#### STUDY MATERIAL ####

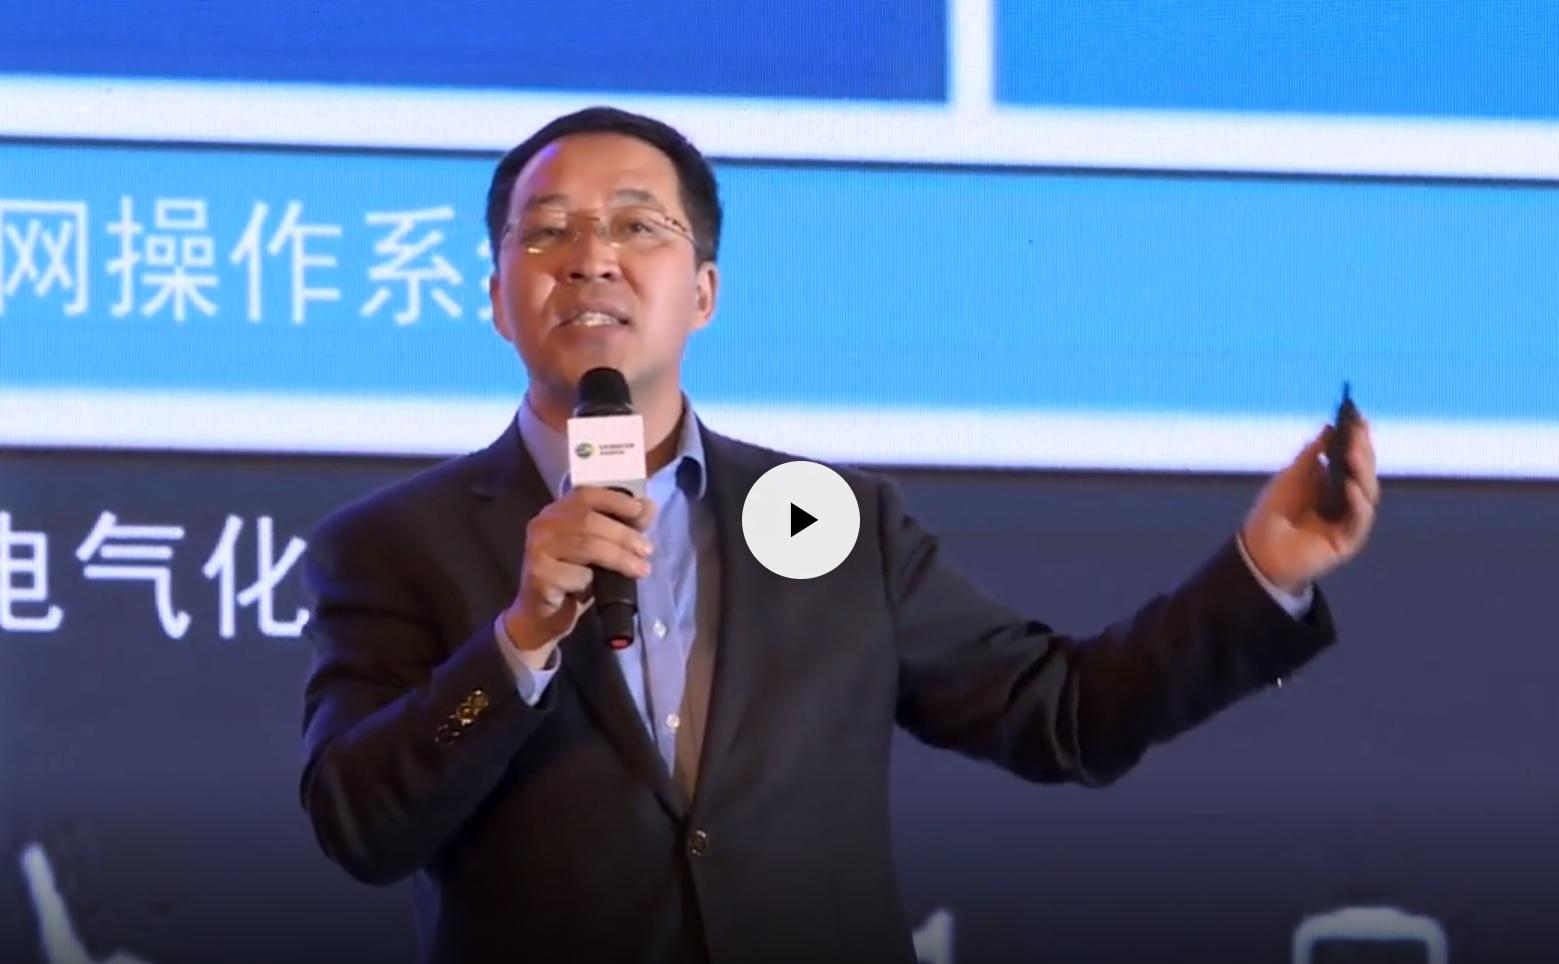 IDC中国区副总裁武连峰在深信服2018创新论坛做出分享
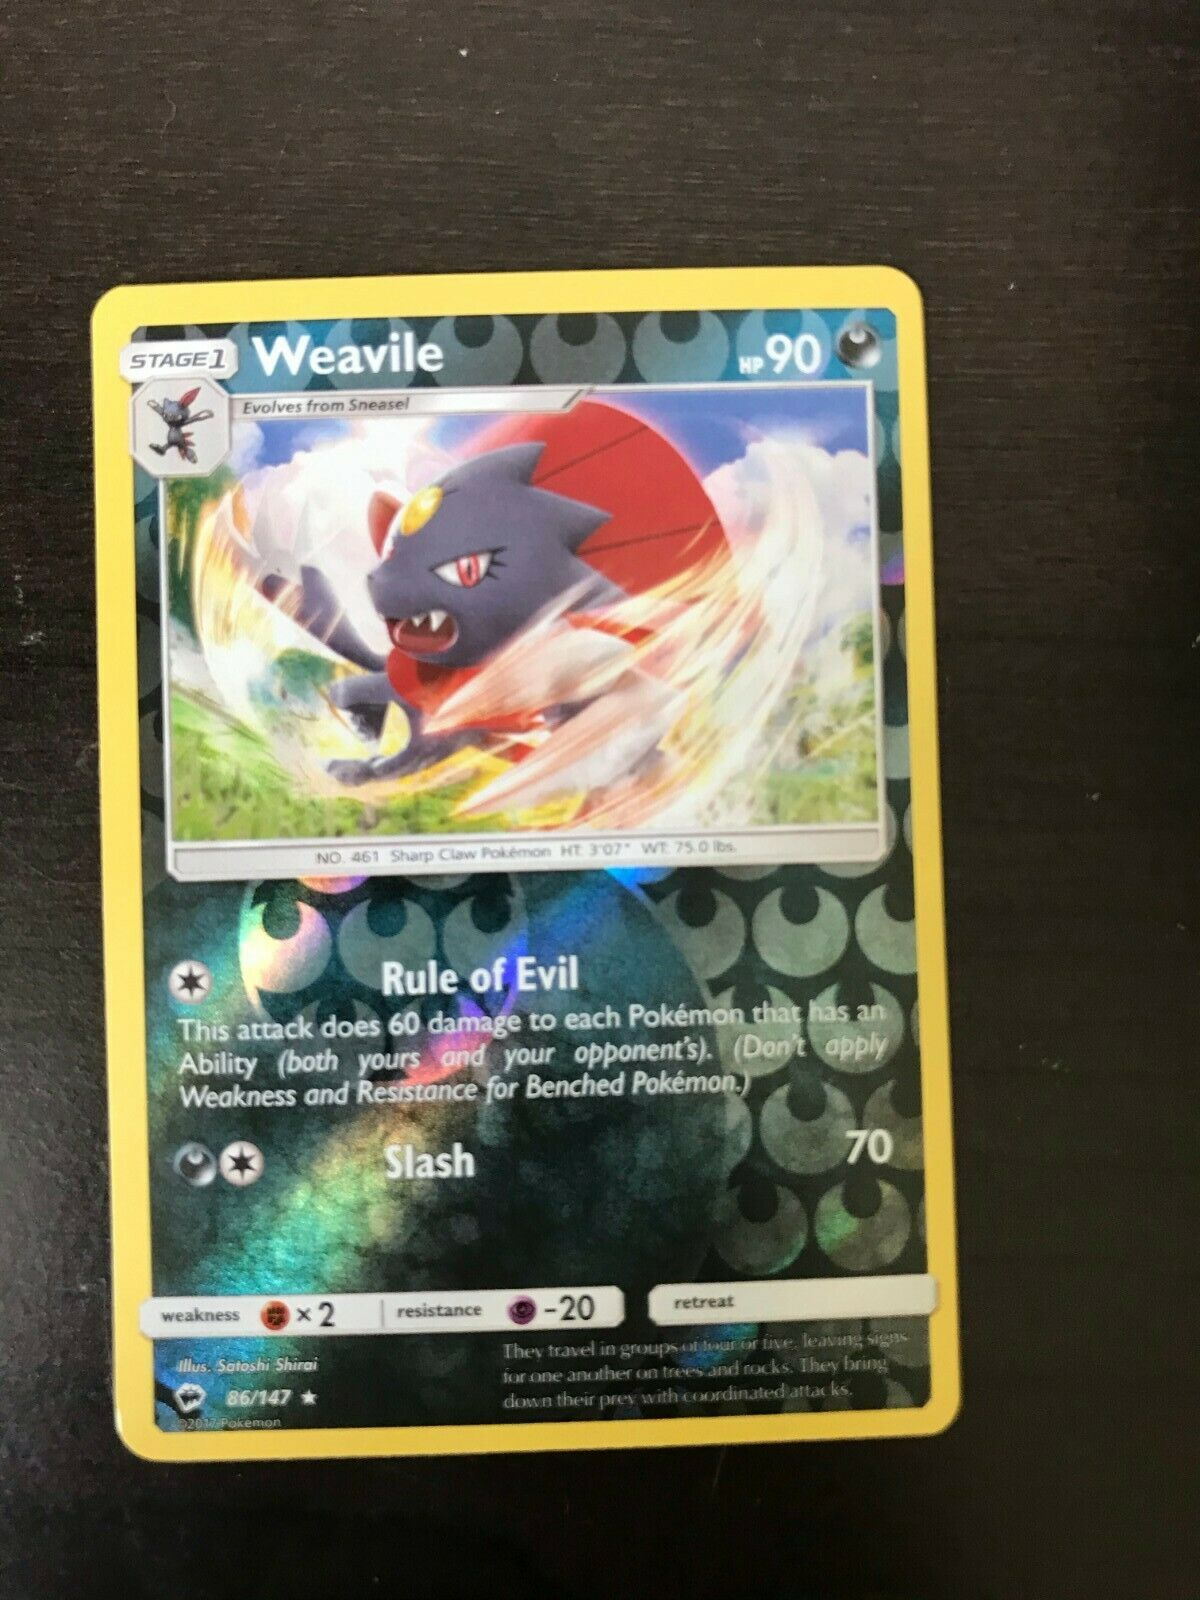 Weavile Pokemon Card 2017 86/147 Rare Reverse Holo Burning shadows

####
#### STUDY MATERIAL ####

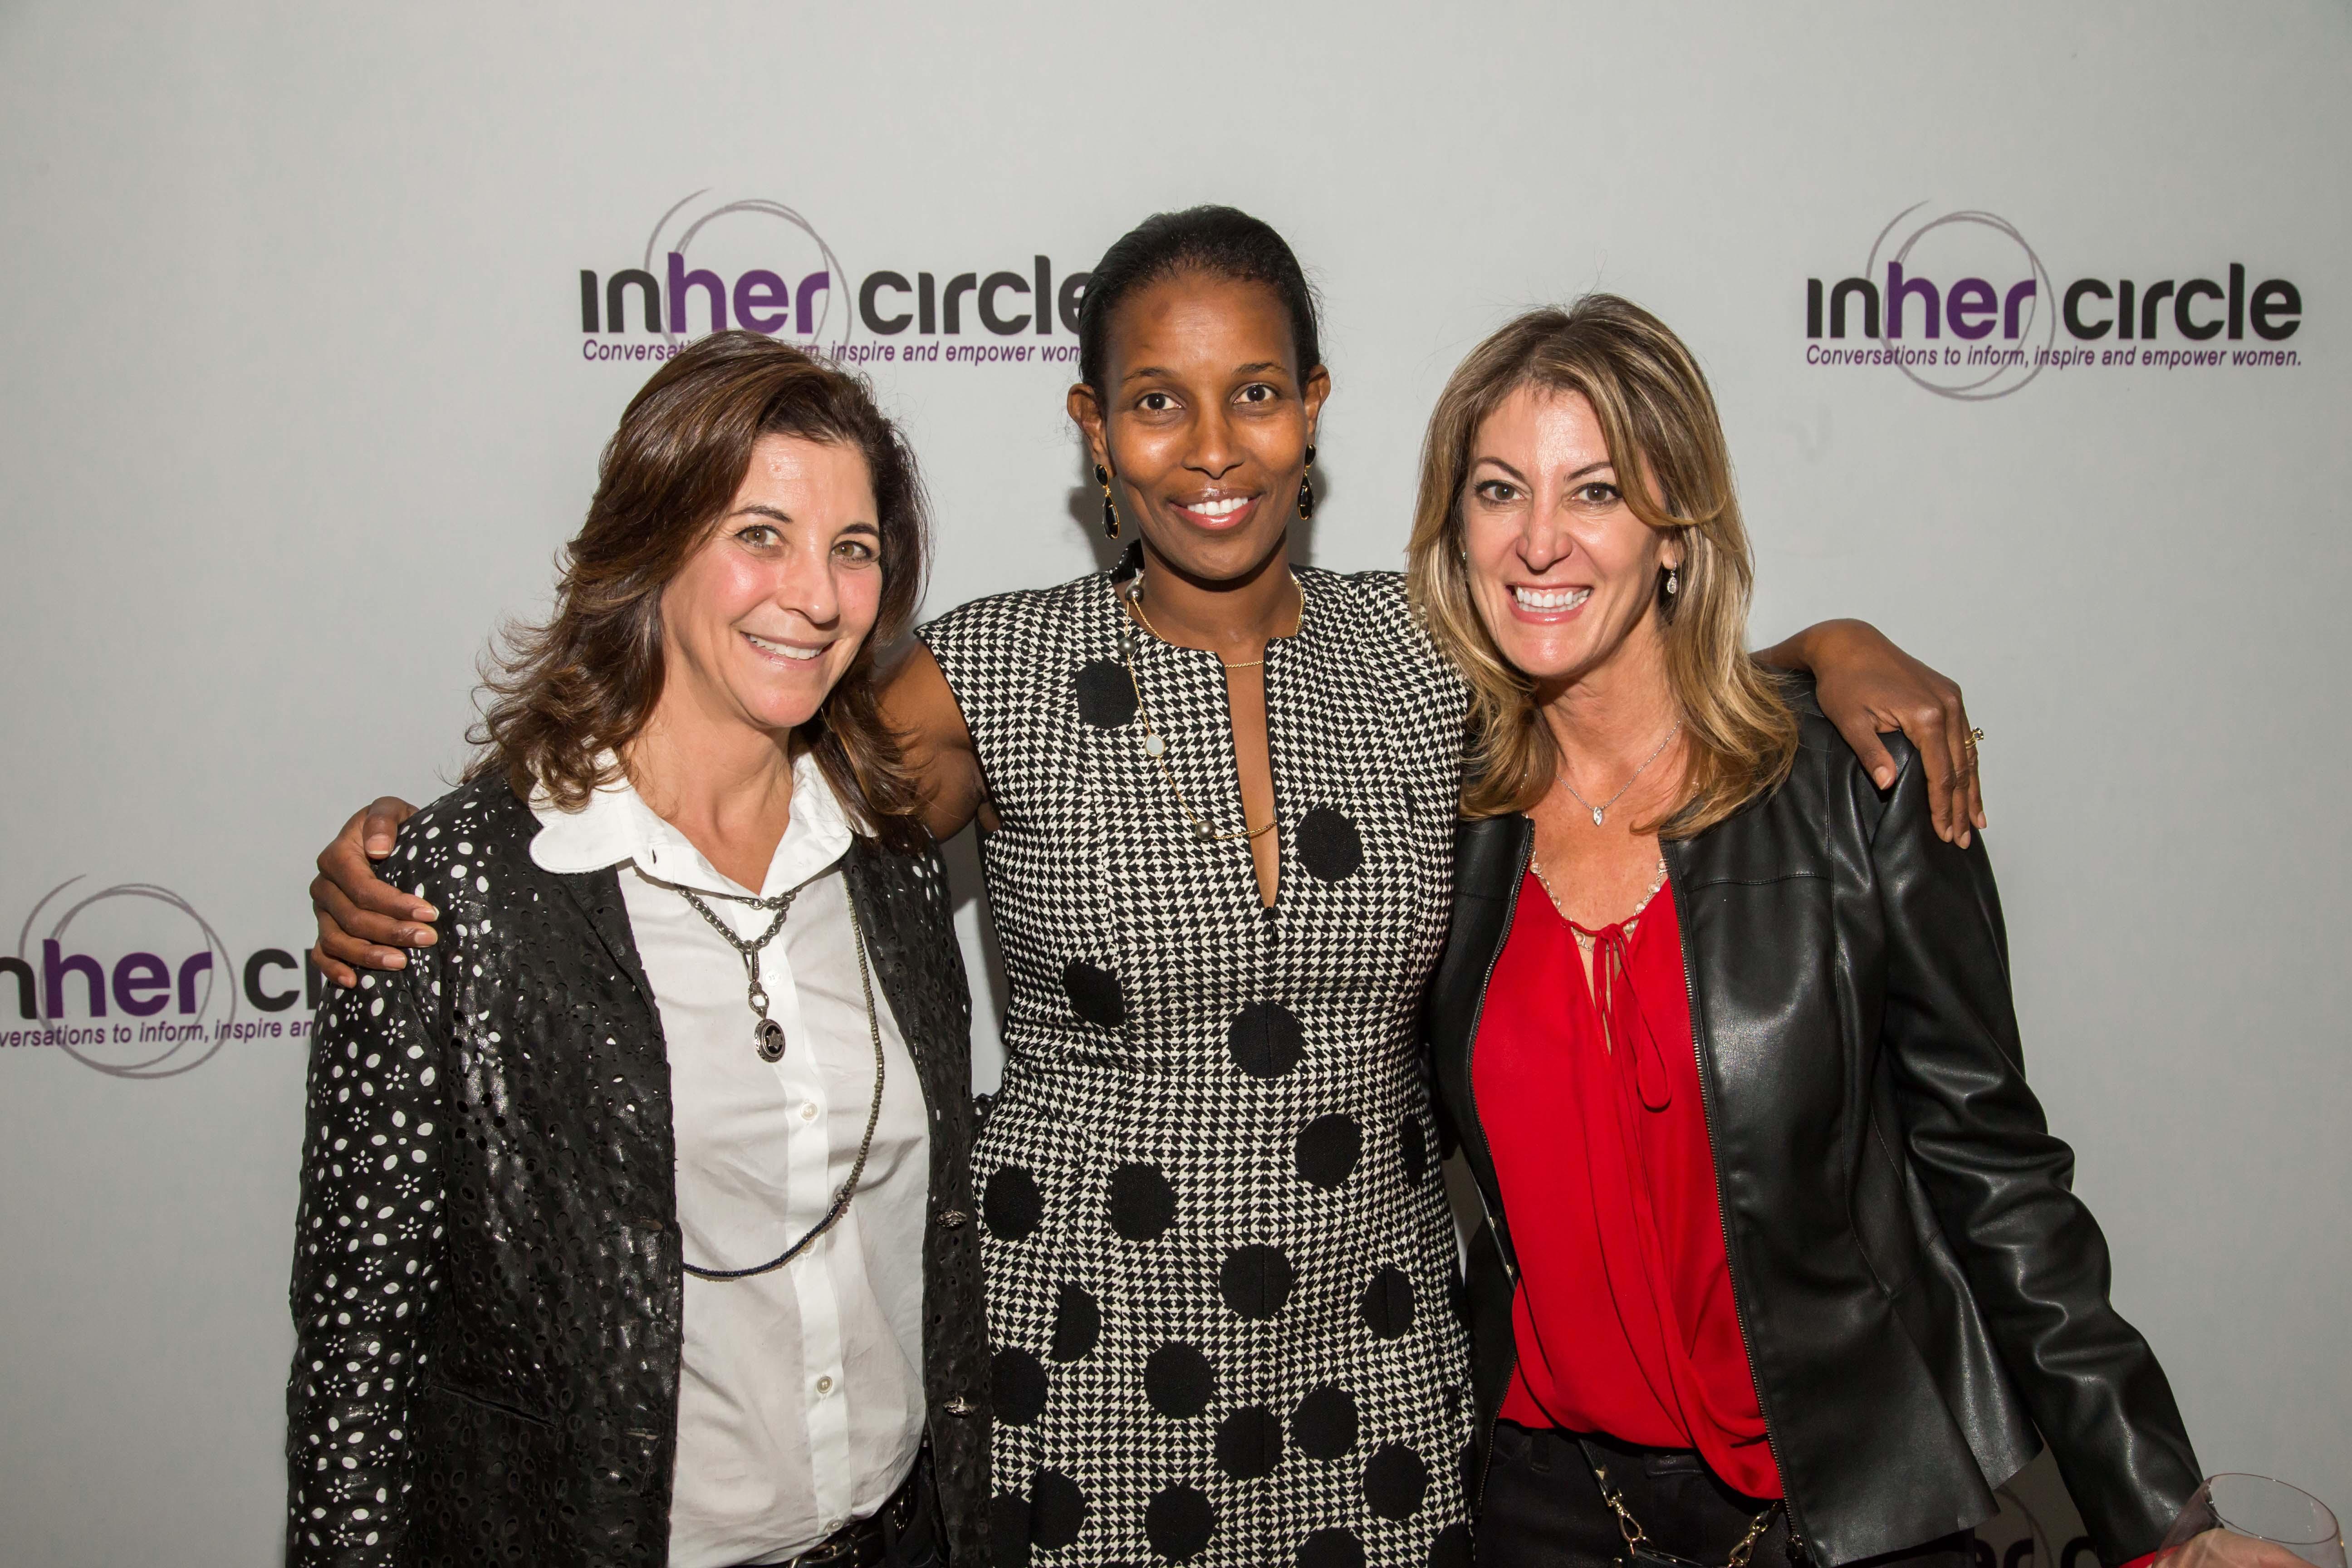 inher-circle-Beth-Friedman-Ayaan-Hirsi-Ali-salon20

####
#### STUDY MATERIAL ####

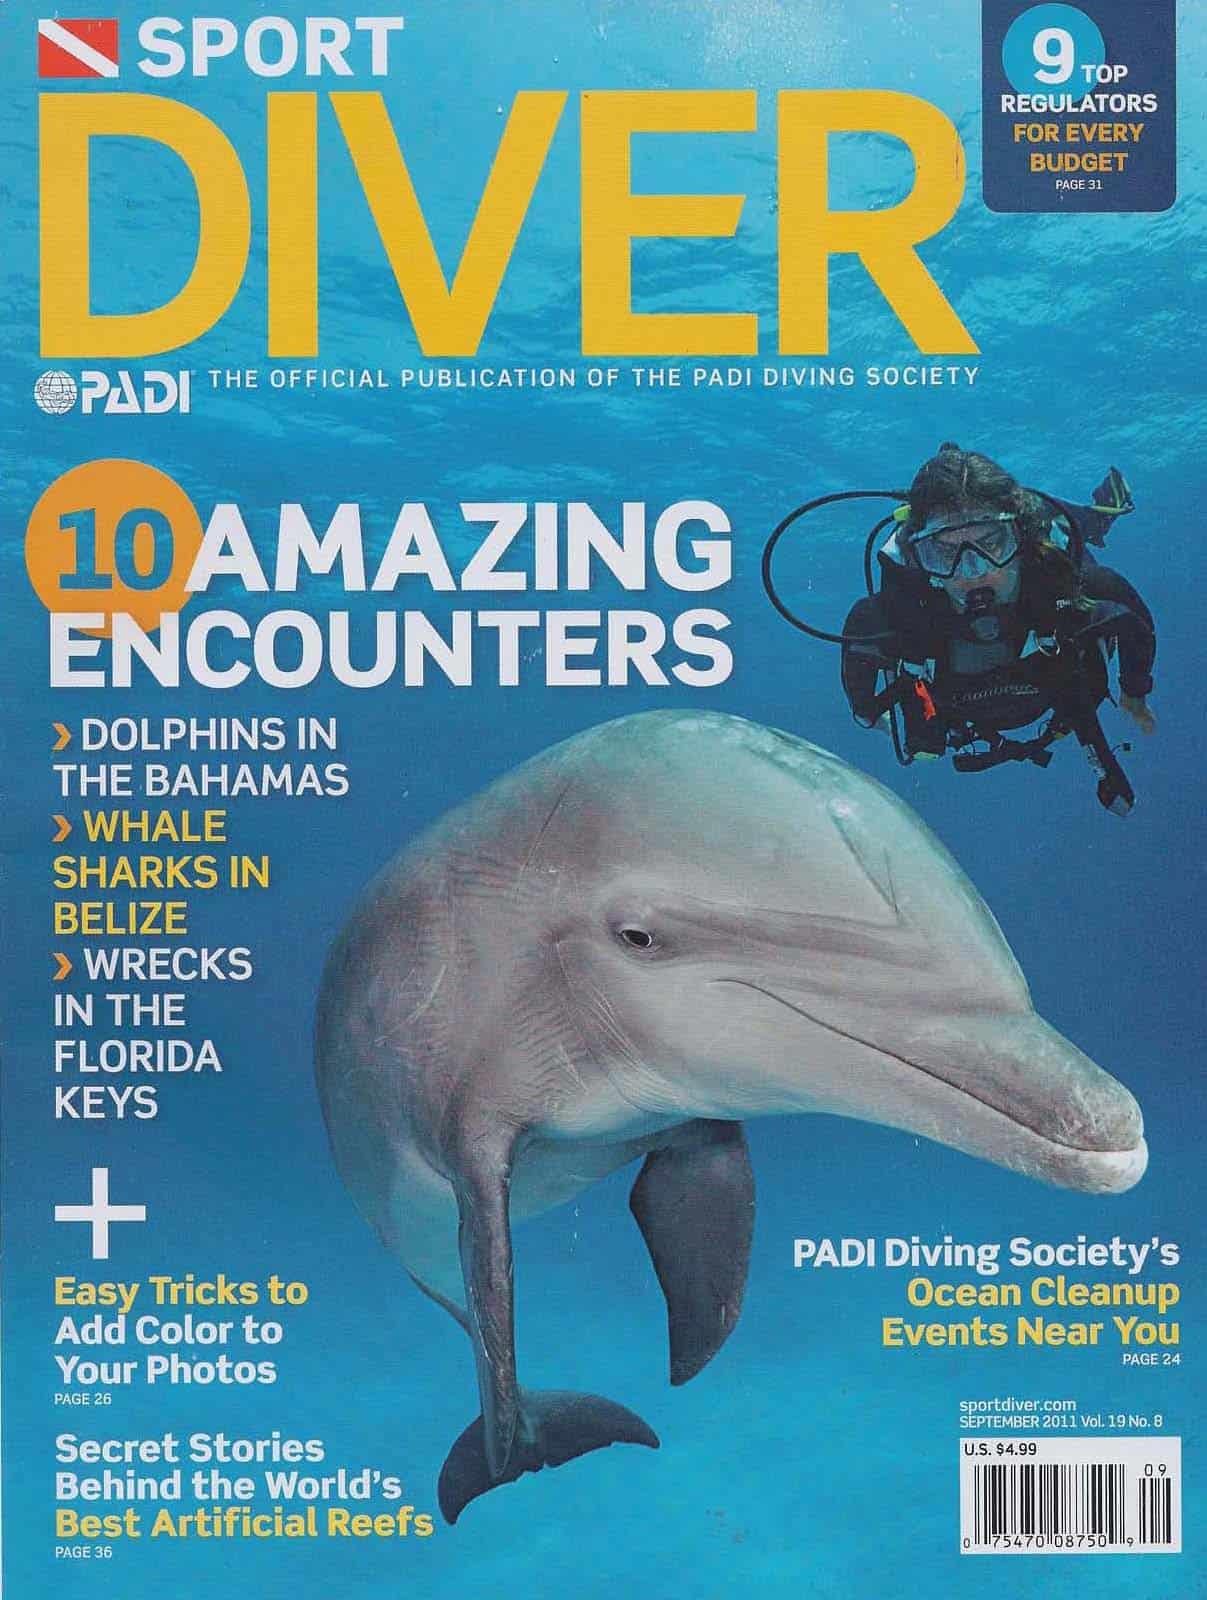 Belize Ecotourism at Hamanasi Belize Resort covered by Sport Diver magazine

####

Treat the line with "IDC中国区副总裁武连峰在深信服2018创新论坛做出分享" as the start and the line with "Weavile Pokemon Card" as the end, and return exactly that span of the data above, both ends included, without pictures.

 IDC中国区副总裁武连峰在深信服2018创新论坛做出分享
 Weavile Pokemon Card 2017 86/147 Rare Reverse Holo Burning shadows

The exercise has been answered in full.